Article for the week of 10/24/07

The secrets of Charles M. Schulz
By, Cozmic

“Peanuts” creator Charles M. Schulz had more than a few secrets, something not easily believed when one views the life of the cartoonist, but we here at RPP have always been fond of how we excel at investigative reporting, and that man I met in the alley by the trash-container certainly would not lie. It is known that Schulz was rather shy and withdrawn when he was a child. People have attributed this to him being the youngest in his class, due to skipping grades, but the truth is Schulz did not want anyone to know about the secret and forbidden rituals he was trying to learn, in order to raise a giant pumpkin that would let him conquer the world, the moon, and also have the coolest Halloween-decoration on the street. And yes, this was before the whole role-playing games thing happened and every kid started tying to summon horrible beasts in their basement (those imps are a pain to try and chat with, by the way). However, he did not entirely hide this fact, as is evidenced by the non-appearance of the Great Pumpkin in the comic, mirroring his failure in real life. There is a lot of his disappointment in his work, for instance when he always failed to make his house fly and go back to WW I and fight the Red Baron, something ancient and evil rituals simply were unable to let him do.

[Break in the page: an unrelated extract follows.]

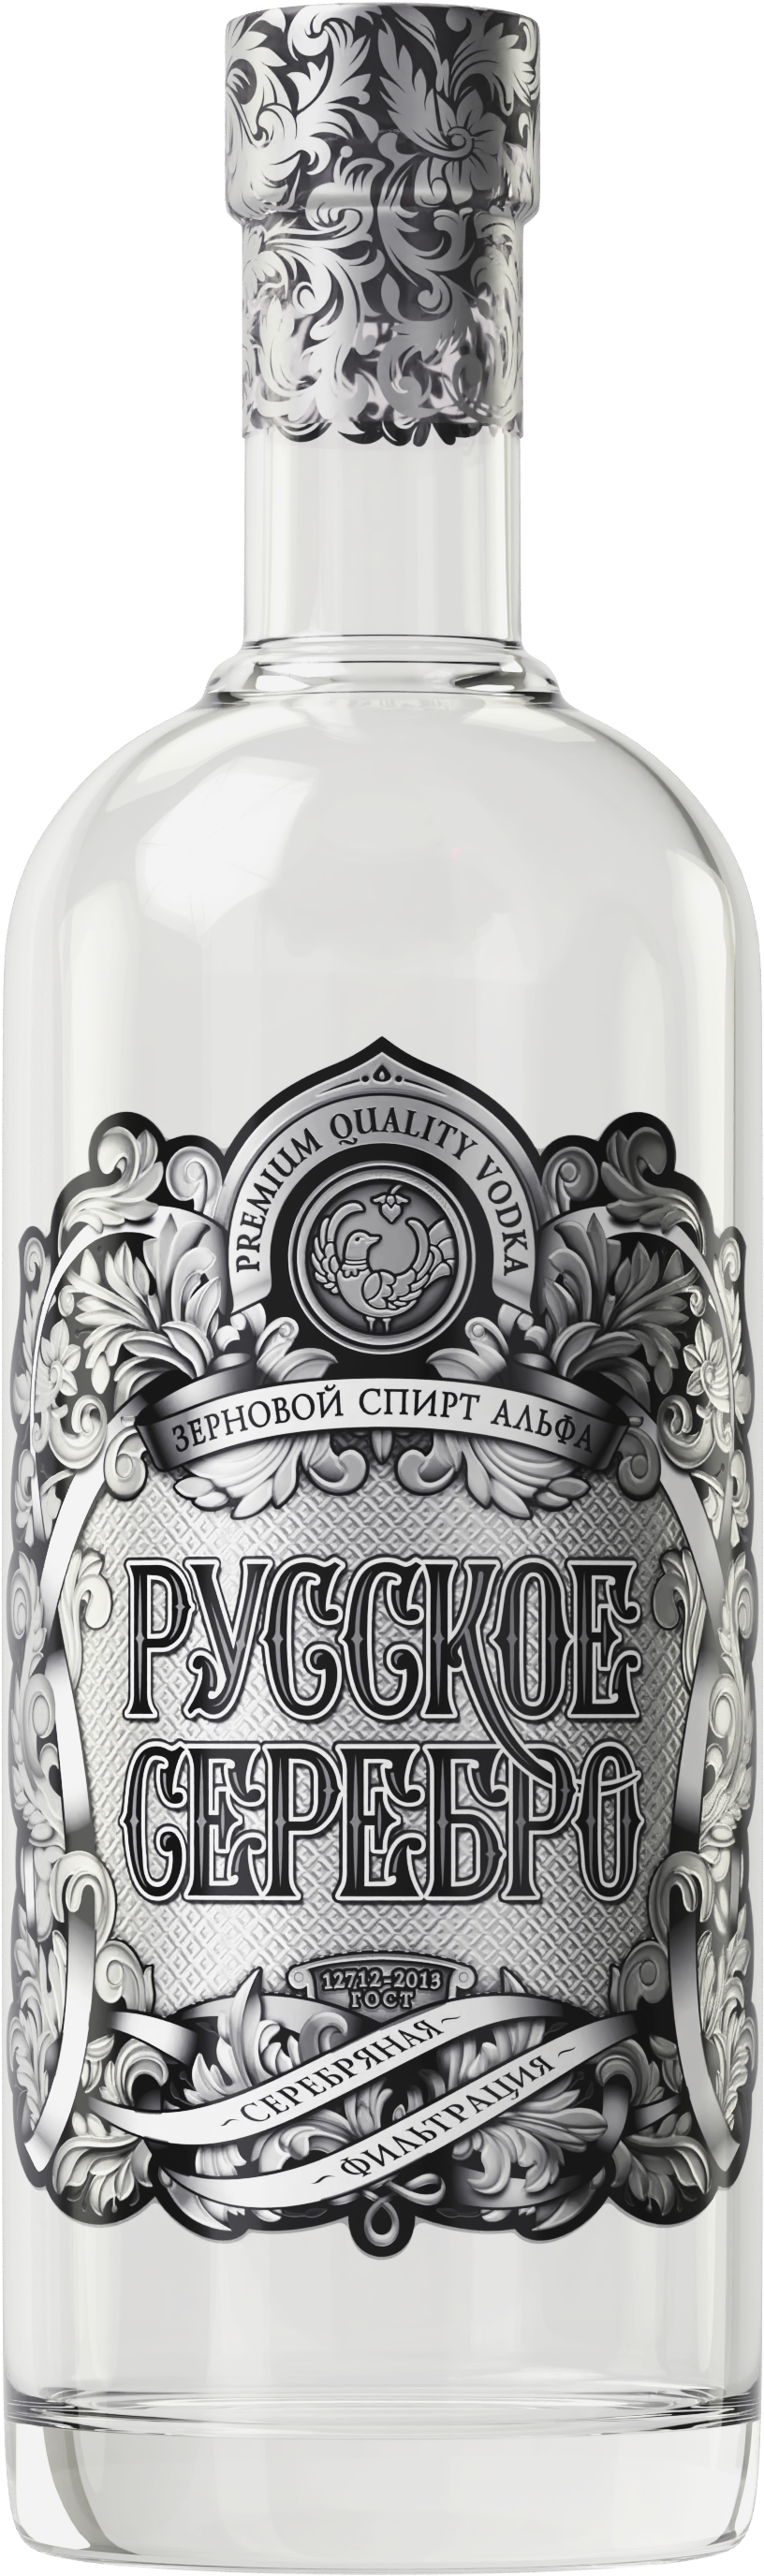 Russian Silver Vodka Bottle PNG image

They did, however, let him get really good at drawing all sorts of weird lines, which would allow him to work as an art instructor after a quick go at fighting Germans and hiding Nazi gold everywhere.

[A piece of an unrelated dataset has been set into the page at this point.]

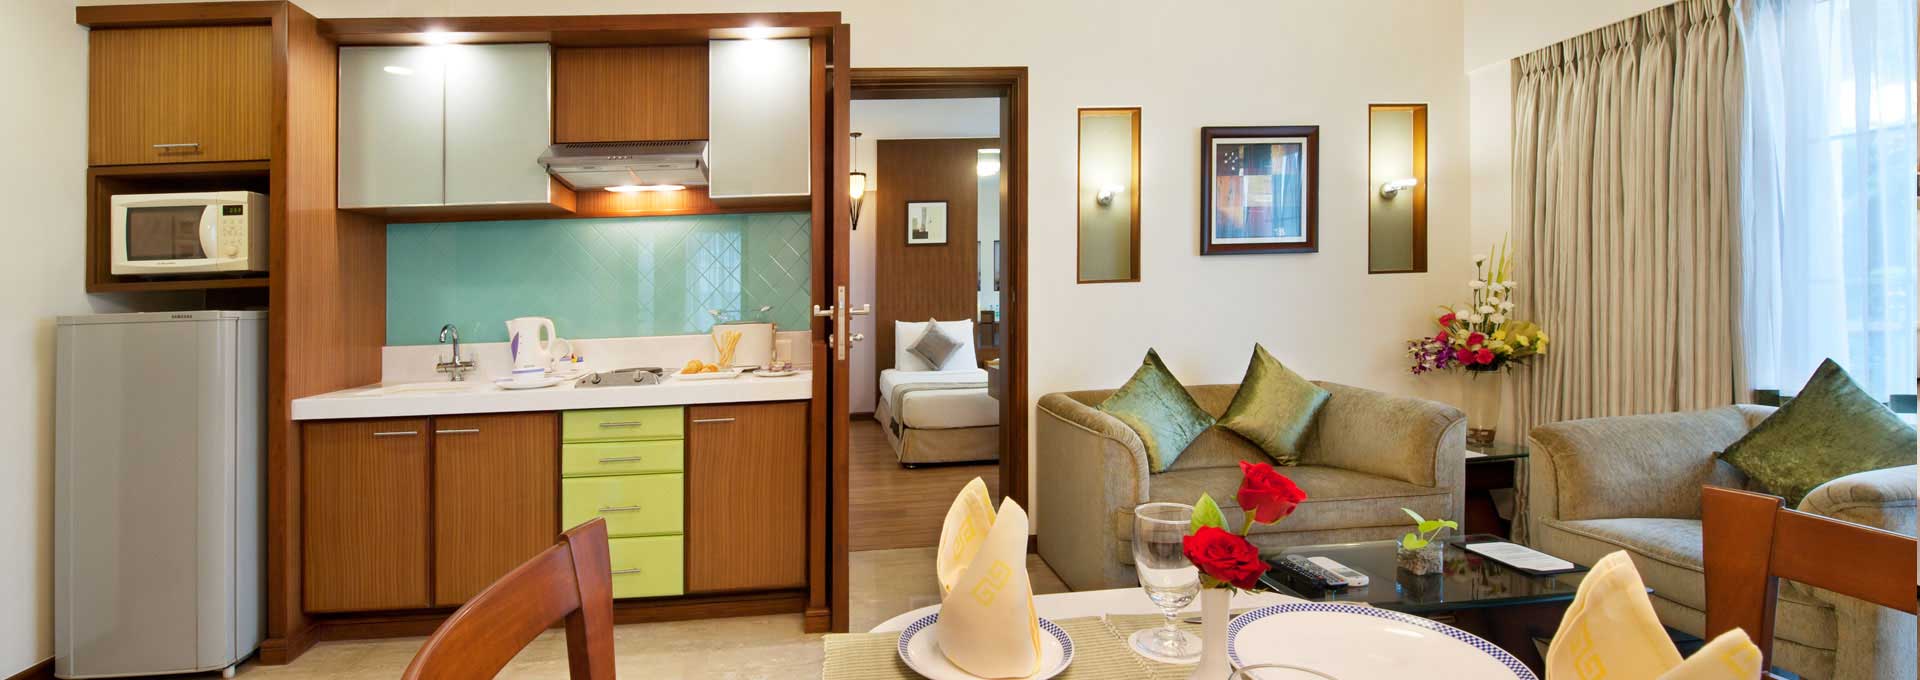 Bed & Breakfast Hotels in Mumbai

Another little known fact is that Schulz's first comic, “Li'l Folks” was actually based on people he knew and kept locked up in his basement until they provided him with material. Since he only did a strip a week, this was, he considered, an efficient way of working. Of the “Li'l hostages” themselves, only the dog that looked a lot like Snoopy refrained from loudly objecting until Schulz picked up the hose. However, after two years, the water bills were getting too expensive and Schulz abandoned the idea, killing it off by requesting a pay-raise and to be moved to the actual comic-section of the paper he was published in, opting instead to start a brand new strip. That a lot of the characters were mixes of Schulz's own terrible past and those of his old characters was merely to be expected.
For instance, Linus is largely an example of the author's spiritual side, albeit not the one that tried to summon giant pumpkins to rule the world, while Charlie Brown represents the melancholy he used to hide himself behind, the unseen “little red-haired girl” was inspired by the woman he never won, and of course the inability of the baseball team to ever win a game was inspired by the fact that Schulz's first wife simply could not ever get past first base quick enough. This can all be taken to prove that while many artists use their real life as inspiration for what they do, Charles M Schulz might have perhaps gone a bit overboard, and then tried to swim as far away from the ship as possible while he was at it.